The first step taken by the work unit generator after it is started is to execute the server.getLastWorkUnit RPC on the project server. This RPC instructs the server to return all information about the last work unit that was generated, including its ID, data, creation date, point value, and priority. Complete specifications of this RPC and all other RPCs that project developers can use can be found in the XML-RPC Interface Specification. The reason that this RPC should be executed when the work unit generator is first started is that the generator will need to know at what position in the science data to resume partitioning. If the work unit generator is being started for the first time, there will not be any work units in the project database, so the project server should notify the generator, which would then start generating work units from the beginning of the science data. Thus, there are two possible return types for the server.getLastWorkUnit RPC: either it is a vector or some other object representing an exception. If the return value is not a vector, it does not matter what that other object is; it is only important to know whether the return value is a vector or not. If it is not a vector, then an exception has occurred. Depending on the XML-RPC library that is used, determining whether the return value is a vector can be done in two ways. Using the xmlrpc-c library, it is possible to query the status of the xmlrpc_c::rpcPtr object after the RPC has been executed. If the isSuccessful() method of the instance of that object returns true, it means that the RPC completed successfully, and a vector has been returned containing the relevant work unit information. If that method returns false, then the server threw an exception, meaning there were no work units in the project database. The process is simpler using the Apache library. The return value of the RPC will initially be a java.lang.Object. To determine whether that object is a vector, cast it to a java.util.Vector inside a try block.
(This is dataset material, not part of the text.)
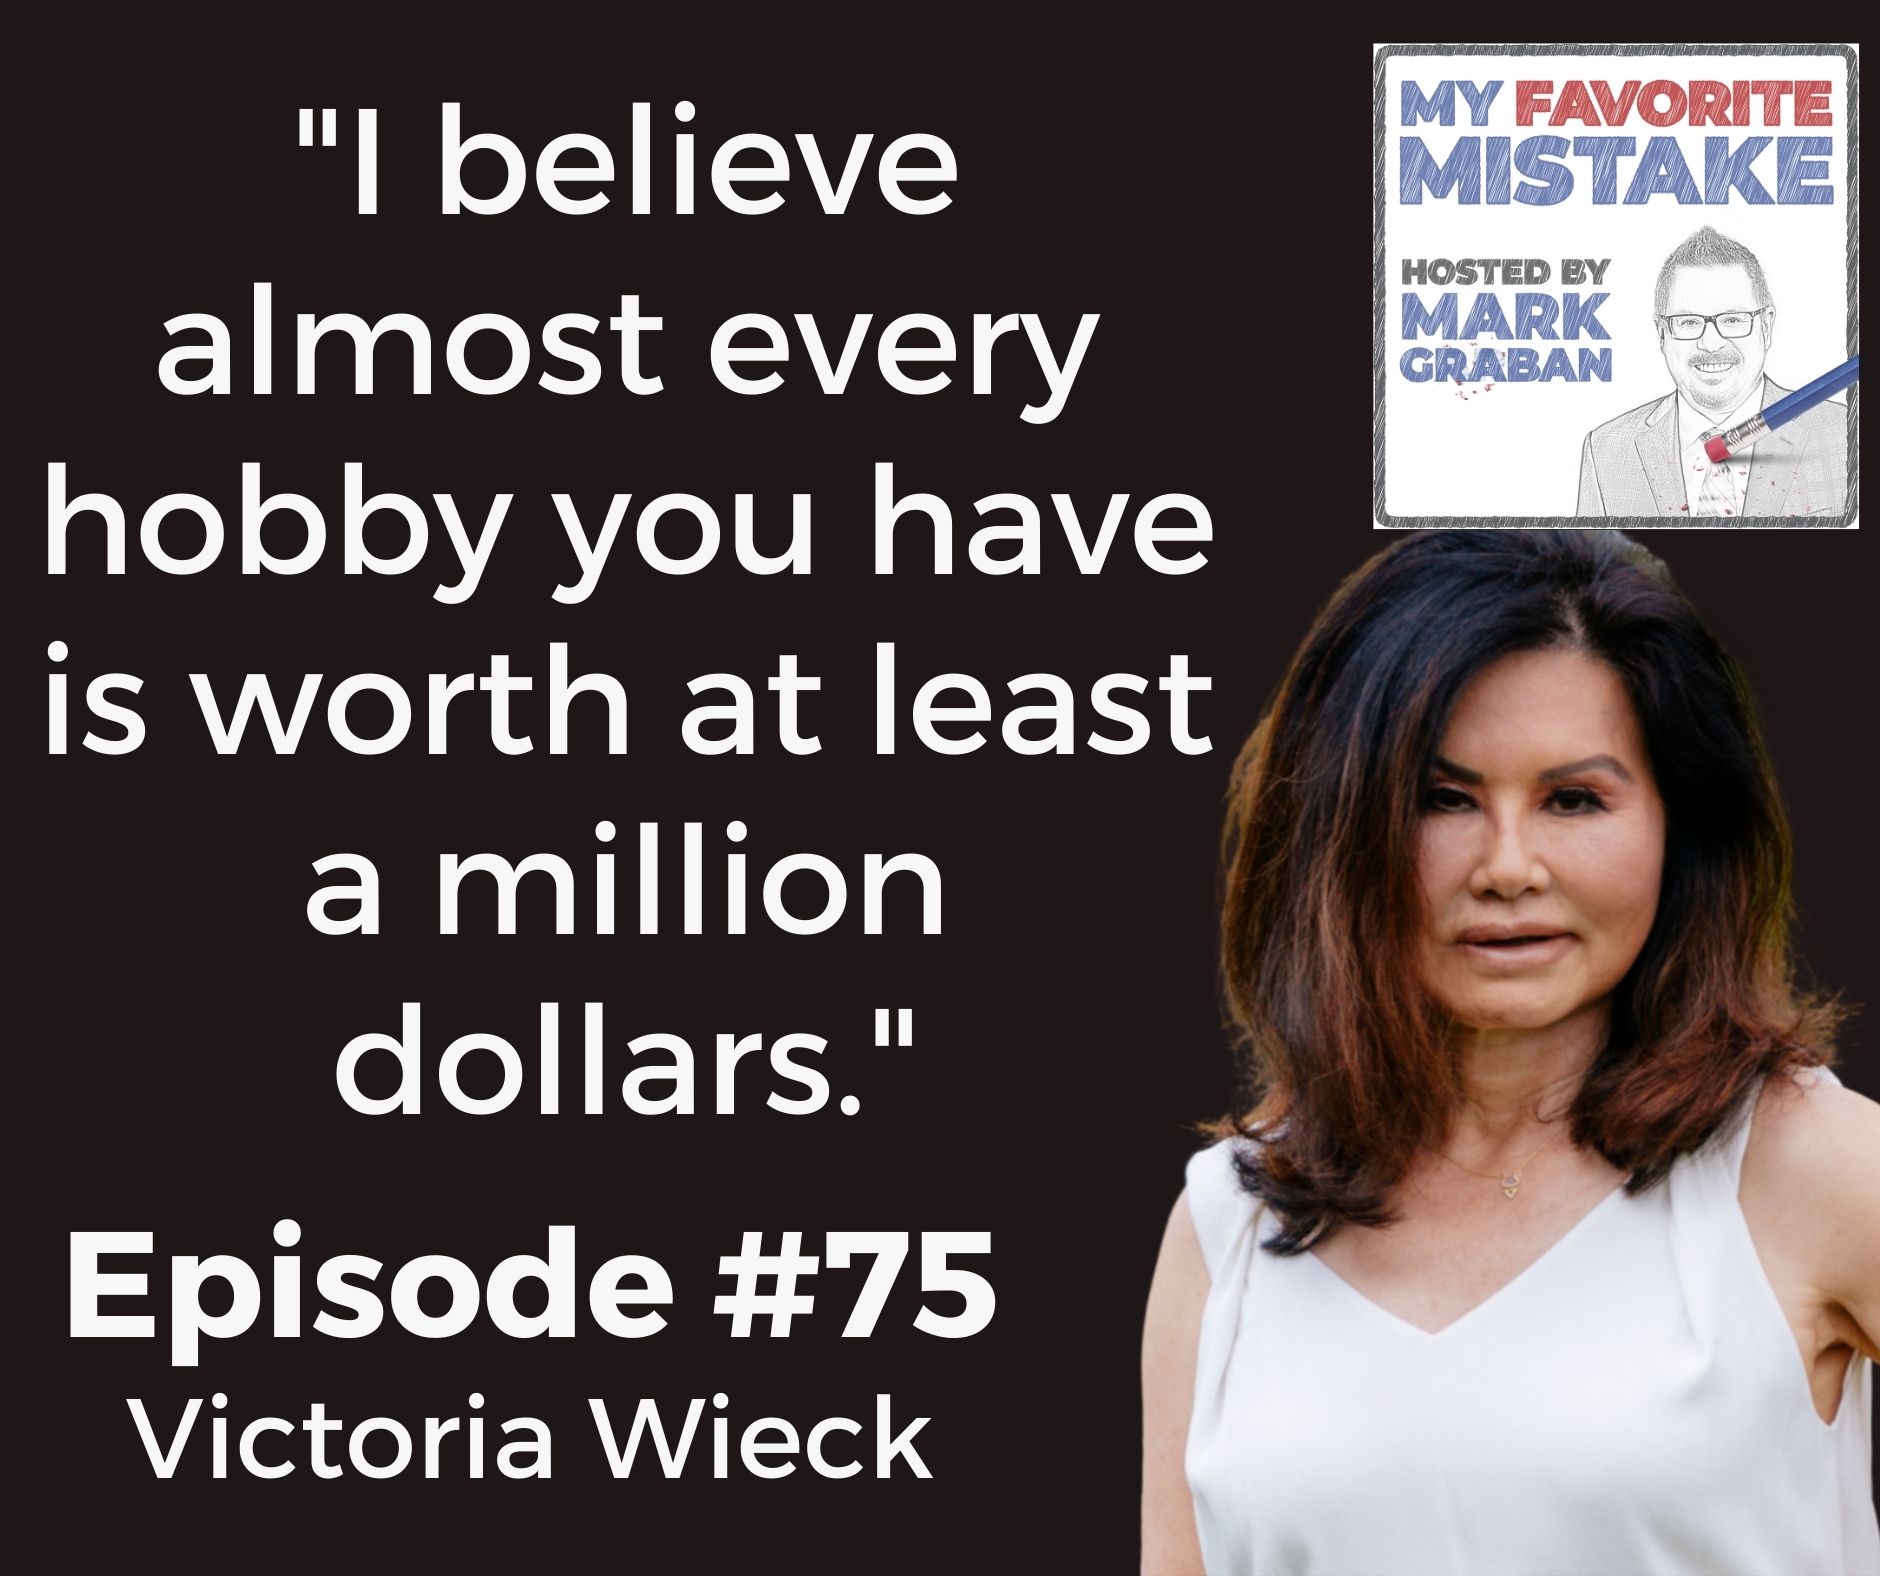 "I believe almost every hobby you have is worth at least a million dollars."

If a java.lang.ClassCastException was thrown as a result of the cast, then the object was an exception. If the cast was successful, then the server did not throw an exception, and it is now possible to access the individual elements in the vector.

If there were no work units in the database, the work unit generator should generate one or more work units to be sent to the project server. The first time the work unit generator is started, we recommend that several work units be generated so that there will be enough in the system to distribute to clients when they begin connecting. After generating these work units, the work unit generator should execute one of the server.addWorkUnit RPCs on the project server. There are several variants of this RPC, each accepting different combinations of parameters. These RPCs will be explained shortly.

If the server did return a work unit, the work unit generator should inspect that work unit to determine what part of the science data to partition next. In most cases, it will only be necessary to inspect the data contained in the work unit, which is at index 1 in the vector. When the work unit generator has determined what data will be assigned to the next work unit, there are two options for how to proceed. The first option is to query the server to determine the number of ingress work units in the database. An ingress work unit is a work unit that has never been sent to a volunteer to be processed. Although ingress work units are not the only type of work unit that can be sent to a client, there should always be ingress work units in the system to guarantee that whenever a project client requests a work unit there will be one available. The number of ingress work units can be queried by executing the server.getNumWorkUnits RPC. This RPC does not require any parameters, and it returns an integer greater than or equal to zero indicating the number of ingress work units in the project. The work unit generator should decide whether the number of ingress work units the project has is sufficient, and if not, it should generate some number of work units and send them to the project server via one of the server.addWorkUnit RPCs. The second option the work unit generator has is to skip executing the server.getNumWorkUnits RPC, and instead generate and send a single work unit to the server by executing one of the server.addWorkUnit RPCs. These RPCs all return an integer indicating the number of clients that are waiting for work units. A client is said to be waiting for a work unit if it requested a work unit when the project server did not have any to distribute. The existence of clients that are in a waiting state reduces the efficiency of a project because instead of performing useful computations, these clients are instead in a sleeping state, waiting to request a work unit from the server at a later time. After sending the newly generated work unit to the project server, the work unit generator can decide whether the number of clients waiting for work units is acceptable or not, and it may choose to generate and send additional work units.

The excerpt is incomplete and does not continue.